Мода часто кажется чем-то совершенно непонятным. Если рассмотреть большинство исторических периодов, может показаться, что целью моды было сделать внешность как можно более смешной; чем неудобней, тем лучше.
Если кто-то надевал непрактичные вещи, он тем самым показывал, что ему нет необходимости работать физически. На протяжении истории у различных культур это, как правило, было куда важней комфорта. Так, например, в XVI веке в моду вошел крахмал. В результате появились огромные воротники, отделанные кружевом. Из-за них человек не мог нормально есть, поэтому стали популярны ложки с длинными ручками, чтобы обедающему было легче донести пищу до рта. Несмотря на это, люди, должно быть, часто портили жирными пятнами свои драгоценные костюмы, а подчас и вовсе вставали из-за стола голодными.

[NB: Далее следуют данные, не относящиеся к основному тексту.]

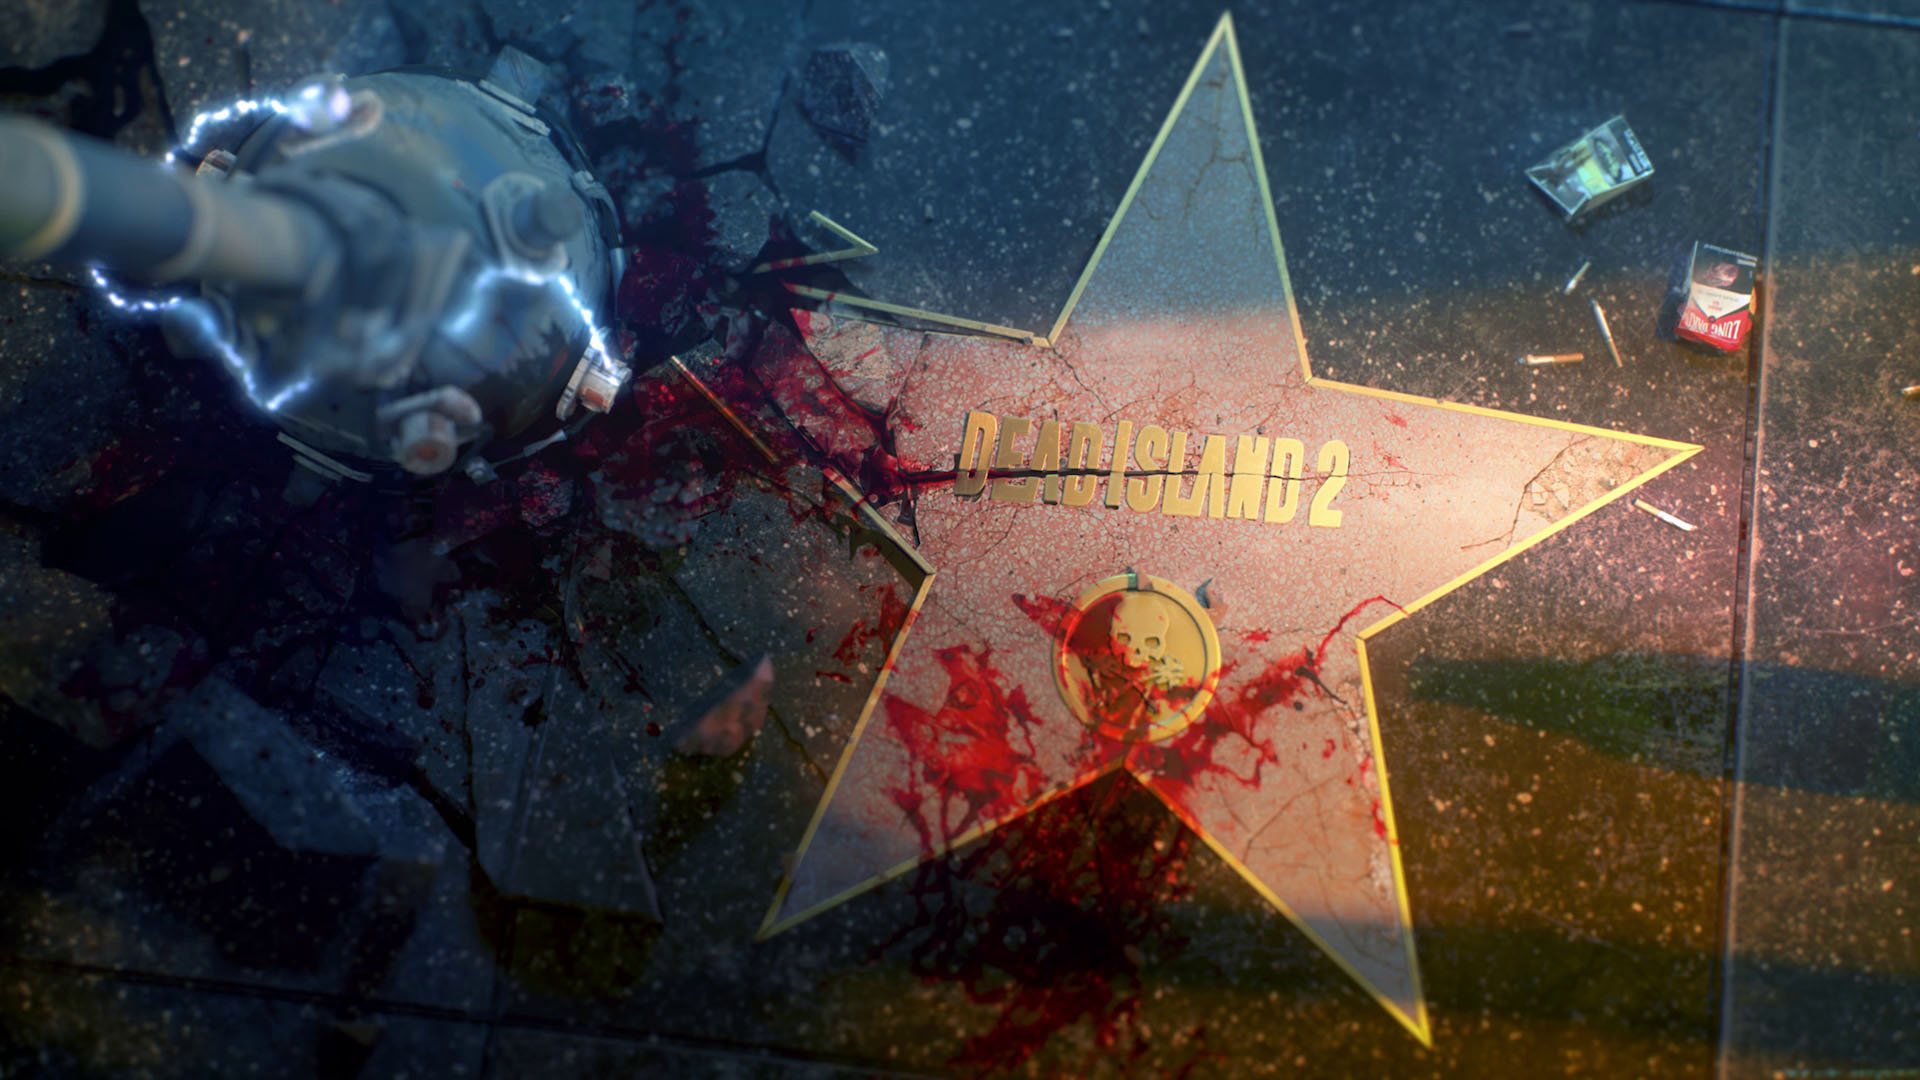 Review: Dead Island 2 is a sickeningly gruesome joy

Даже самые простые вещи нередко использовались не по назначению. Когда появились пуговицы (примерно в 1650 году), люди начали нашивать их в декоративных целях где только можно: на спинки платьев, на воротники и рукава — в общем, там, где они вообще не были нужны. До наших дней дошел пережиток этой нелепой моды: короткий ряд бесполезных пуговиц, нашитый на рукав пиджака. На протяжении трехсот пятидесяти последних лет мы нашиваем их на наши рукава, как будто в этом есть хоть какой-то смысл.
Пожалуй, самым нелепым модным аксессуаром, продержавшимся при этом целых сто пятьдесят лет, были мужские парики. Сэмюэл Пипс жил, когда парики еще только входили в моду; он записал в своем дневнике, что собирается купить себе парик; дело происходило в 1663 году. Пипс боялся, что люди засмеют его в церкви, но этого не случилось, и он испытал великое облегчение и некоторую гордость. Он также беспокоился (и, возможно, не без основания), что волосы для париков берут у больных чумой. Наверное, это ярче всего демонстрирует великую силу моды: Пипс продолжал носить парики, даже зная, что они могут его убить.
Парики делали из самых разных материалов — человеческого, конского или козьего волоса, хлопковой нити, шелка. Один умелец рекламировал модель, выполненную из тонкой проволоки. Парики изготавливались в разных стилях: короткая стрижка, седина, косичка, завитки и т. д.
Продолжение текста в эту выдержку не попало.